Modern 450s vary wildly. Some are aggressive, sharp and exhausting. Others, like the Triumph tested here, is remarkably tractable. They allow slower riders to use torque rather than revs, momentum rather than panic. Maintenance intervals are often longer. Fuel range is better. Resale can be stronger. For a club-level rider, those practical factors stack up quickly.

That’s not to say the 250 four-stroke doesn’t have a place. In super-tight terrain, for riders who enjoy an active style, or for those racing in formats that reward aggression and precision over outright flow, a 250 can be brilliant. Plenty of championships have been won on them. But the idea that a 450 is automatically “too much bike” for anyone below pro level doesn’t hold up when you actually test it.

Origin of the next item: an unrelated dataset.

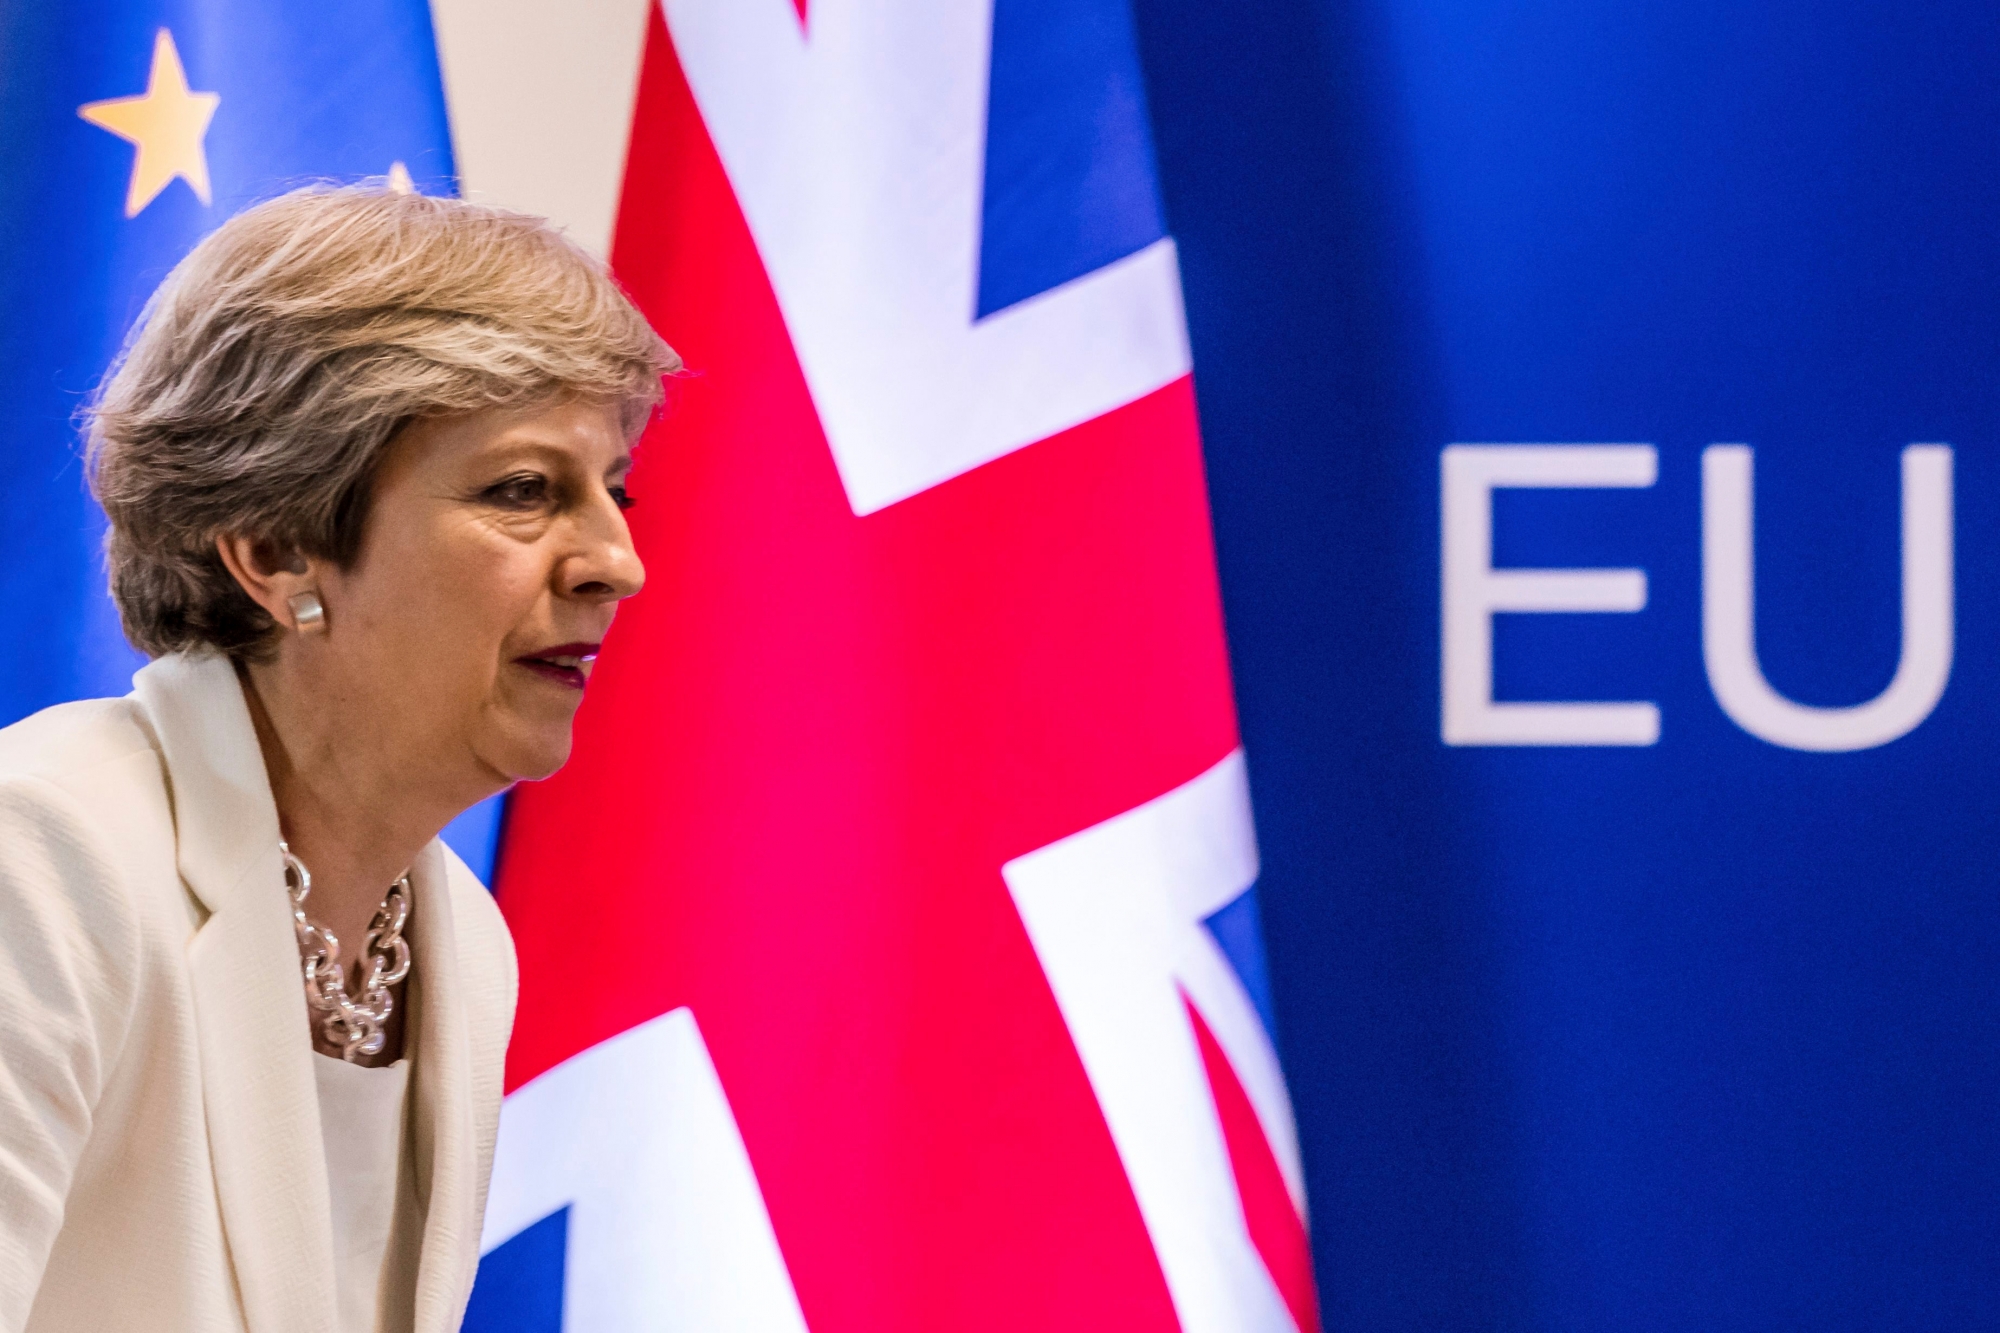 British Prime Minister Theresa May prepares to address a media conference at an EU summit in Brussels on Friday, June 23, 2017. European Union leaders met in Brussels on the final day of their two-day summit to focus on ways to stop migrants crossing the Mediterranean and how to uphold free trade while preventing dumping on Europe's markets. (AP Photo/Geert Vanden Wijngaert) Belgium EU Summit

There can only be one winner

The real takeaway from this test isn’t that one bike is universally faster. It’s that how you ride matters more than what you ride. The pro was faster on the 450 because it let him maximise average speed. The B-grader was equally fast on both, but found the 450 easier to manage. The C-grader was significantly faster on the 450 because it reduced workload and risk.

In other words, the stopwatch doesn’t care about internet wisdom. It cares about momentum, consistency and confidence. And sometimes, the bike everyone says you “shouldn’t” be on is the one that quietly makes you faster.

This won’t be the last time we test this. Different tracks, different conditions, different bikes will all shift the balance. But for now, one thing’s clear: engine size alone doesn’t decide speed, the rider does. And sometimes, the bigger bike just lets them do it more easily. And we admit, after all these years maybe we were wrong, maybe most punters would be better-off on a 450?